Una palada, otra. Y se lanzó al pozo y sacó las bolsas y la abrazó a ella por última vez. Y Ángela… Ayudame, Remi. Se estaba volviendo loco. La destapó: los ojos abiertos. Sigue viva. No, estúpido, los muertos no cierran los ojos. Tenía que cerrarlos él. Remi… Remigio le arrancó la manta. Estaba viva. ¡Viva! La alzó en upa como a un bebé, la subió al auto y aceleró hasta el hospital.
Claudia Cortalezzi
(Trenque Lauquen, 1965) Vive en Alejandro Petión, Cañuelas, provincia de Buenos Aires. Escritora, editora, coordina talleres literarios. Dictó talleres en las Ferias del libro de Buenos Aires y Lima, 2017 y 2018, respectivamente. Fue jurado en varios concursos y trabajó como correctora y relatora de contenidos. Integra el laboratorio de lectura crítica #MicroLee. Organiza 2 ciclos de lecturas. Fundó y dirige junto a Fabián Rossini la editorial Luvina.

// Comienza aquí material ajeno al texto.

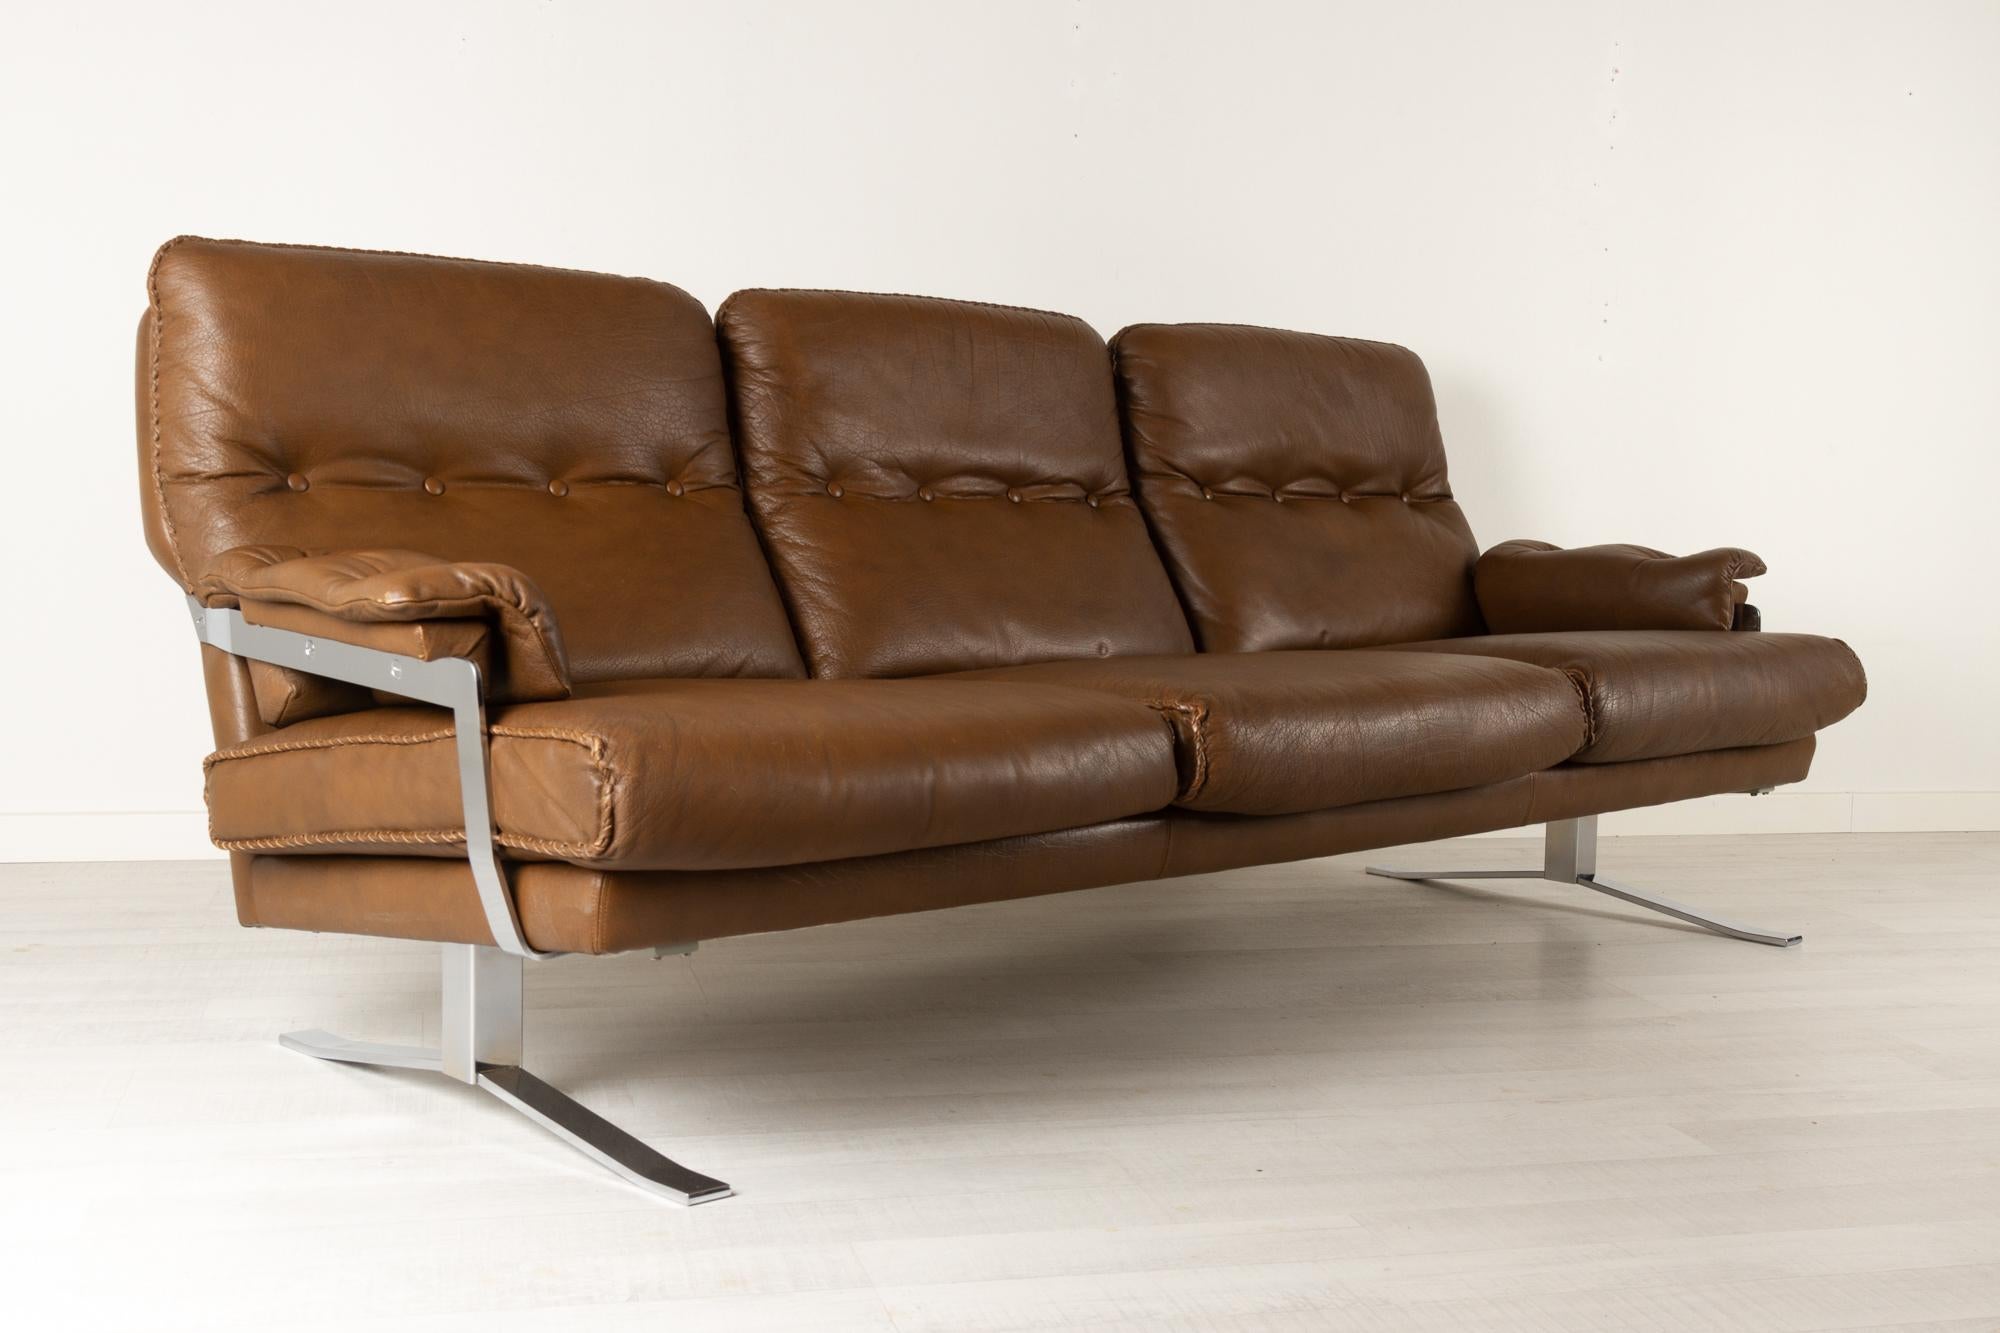 Scandinavian Modern leather and chrome sofa by Arne Norell, 1970s
Chocolate brown three seater sofa in buffalo leather. Large soft cushions with buttons and hand stitched edges. Very thick and soft leather. Legs and armrests in chromed

Publicó las novelas Una simple palabra (2010) y Distrito territorial San Telmo (2019); los libros de cuentos Entrañable (2015) y Abrirse paso (2021) y las colecciones de microrrelatos In excelsis (2015) y No ser o ser (2016/19).
Compiló las antologías Cuentos de La Abadía de Carfax 3 (2012), Una casa para siempre (2016), Escritos entre mate y mate (microficciones argentinas) (2017), No somos invisibles (antología de microrrelatistas de Latinoamérica, sobre la invisibilización de la mujer, 2021).
Cultora del microrrelato –aunque también se maneja con soltura en la novela o en el cuento de extensión convencional– Claudia Cortalezzi extrapola un tema clásico de la literatura universal para renovar su esencia perturbadora en un contexto de cotidianidad.